An MP in Okanagan, Canada, has introduced a private member’s bill to amend the Canada Post Corporation Act in a bid to remove federal restrictions on DTC alcohol shipments between provinces. If successful the move will open up sales throughout the country.

British Columbia winegrowers are backing MP Dan Albas as he attempts to change a law curbing direct-to-consumer shipments of alcohol between provinces. As the Okanagan Valley wine region falls under Albas’ constituency, he has good reason to push the bill forward. Okanagan is home to more than 200 wineries, and accounts for more than 86% (4,419ha) of British Columbia’s total vineyard hectarage.

Painting a picture of Canada becoming more self-reliant on domestic wine sales than relying on export sales in international markets, Albas said: “We need to be our own best customers. This is a valid way to do that.”

The bill – C-262 – was filed in Canada’s House of Commons on Monday 9 March, with Albas saying at a press conference that the bill would “allow Canada Post and other designated trusted carriers to be able to send anywhere with national consistent application from one province to another, full stop.”

He added: “This means that small producers would get a chance to compete for your business, and that your loved ones, when they go to an artisan distillery, craft brewery or small family winery, can send some of that wonderful product back home. And at a time when we say we should be focusing on things we can control, well, Parliament, this is something that is under our control. The Canada Post Act is a federal piece of law and we can get behind that.”

Canada Post roadblock

Conservative party leader Pierre Poilievre reiterated that the obstacle lies not with the individual provinces but with the Canada Post legislation itself. “It is currently against the law for Canada Post to deliver Canadian alcohol to Canadian consumers in six of 10 provinces. That is a federal law that Mark Carney [Prime Minister of Canada] refuses, so far, to change,” he said.

Currently, Canada Post only allows DTC shipments of beer, wine and spirits in four provinces: BC, Saskatchewan, Manitoba and Nova Scotia. It means that presently, BC producers are able to sell their wines direct to American consumers, but not to a Canadian consumer in, for example, Ontario.

Speaking exclusively to the drinks business this week, Jeff Guignard, CEO and president, Wines of British Columbia, said he is “optimistic” that the bill will be passed. “I spoke with Dan Albas directly before he tabled the bill and offered him our full support. He also has the backing of wineries across the country and many Canadian consumers. There is real momentum behind buying Canadian right now, and allowing direct-to-consumer wine shipments simply supports our farmers and small businesses.

“At the end of the day, it’s a straightforward idea whose time has come.
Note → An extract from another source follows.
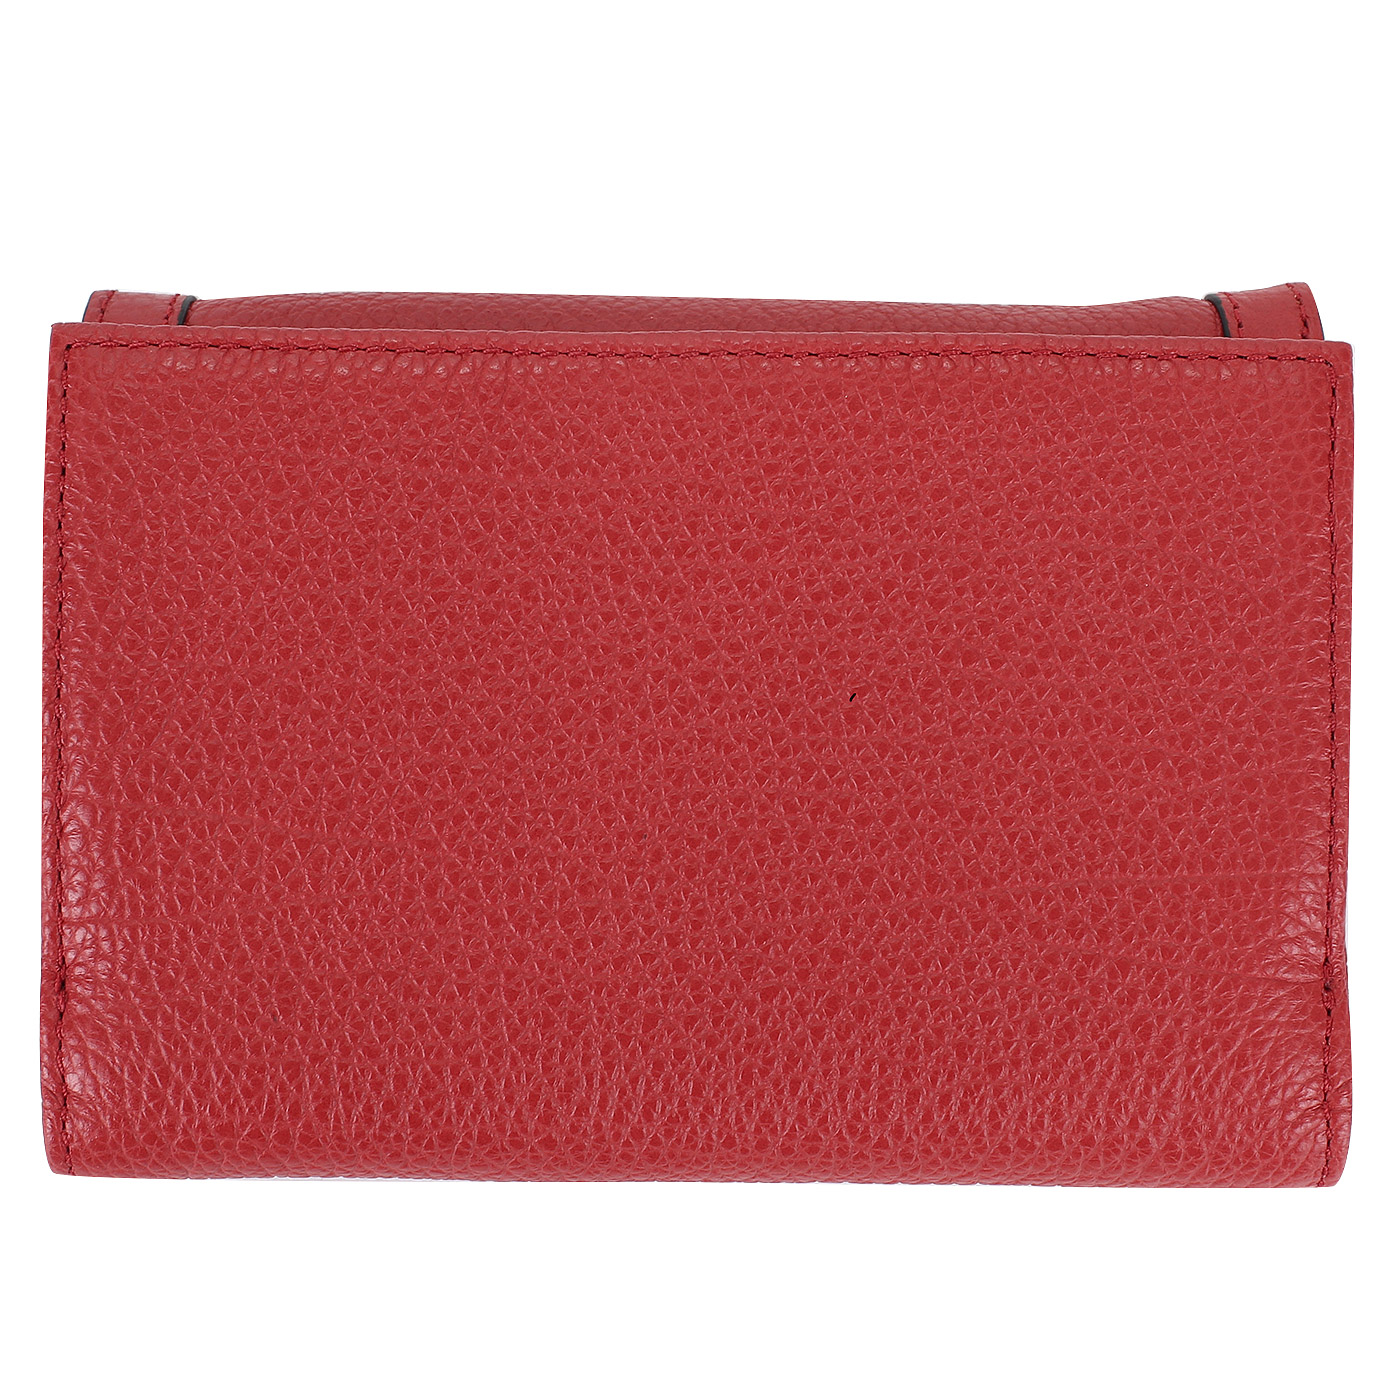 Красный кожаный кошелек Coccinelle Vega

Canadian wineries should be able to ship their wines to Canadian consumers.”

In terms of an expected timeframe for a decision to be reached on Bill C-262, Guignard flagged that “provinces are working toward a May 2026 timeline to establish a national direct-to-consumer framework.”

He added that there are “several tracks moving forward in parallel” and insisted that he is seeing “positive signals along the way.”
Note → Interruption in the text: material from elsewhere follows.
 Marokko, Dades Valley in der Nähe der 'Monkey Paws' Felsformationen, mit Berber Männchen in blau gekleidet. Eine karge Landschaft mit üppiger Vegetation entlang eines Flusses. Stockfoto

What will it mean for BC producers if the bill is passed?

“While it won’t resolve the complicated landscape of mark-ups or taxes, this bill would be a foundational step – opening the door for BC producers to get their products in the hands of Canadians across the country,” he told db. “Greater access would allow consumers to discover just how exceptional Canadian wine is. It could also inspire them to visit wine regions across their own country, supporting tourism and local economies while enjoying a great product. For producers, it simply opens access to the home market, which makes sense.”

Guignard explained that Wines of British Columbia has been advocating to reduce interprovincial trade barriers for years “and has been working closely with partners across the country to keep the pressure on and move toward a national framework for direct-to-consumer wine shipments.”

Summing up next steps if C-262 is approved, he added: “The bill proposes an amendment to the Canada Post Corporation Act that would prevent the postal service from refusing to ship wine directly to consumers across provincial borders. If the bill moves forward with the support of Parliament, Canada Post would be required to comply with the legislation.”

Not always neighbourly

Despite the cooperation between provinces to achieve this end goal, neighbouring Canadian provinces have not always been friendly with one another when it comes to wine sales. In 2024, BC winegrowers were left reeling after Alberta threatened to stop selling BC wines in its stores and restaurants unless BC immediately ceased its direct-to-consumer sales to Alberta residents. The Alberta Gaming and Liquor Commission believed it was missing out on collecting tax on bottles sold directly to consumers, despite the DTC category accounting for less than 3% of BC’s total sales.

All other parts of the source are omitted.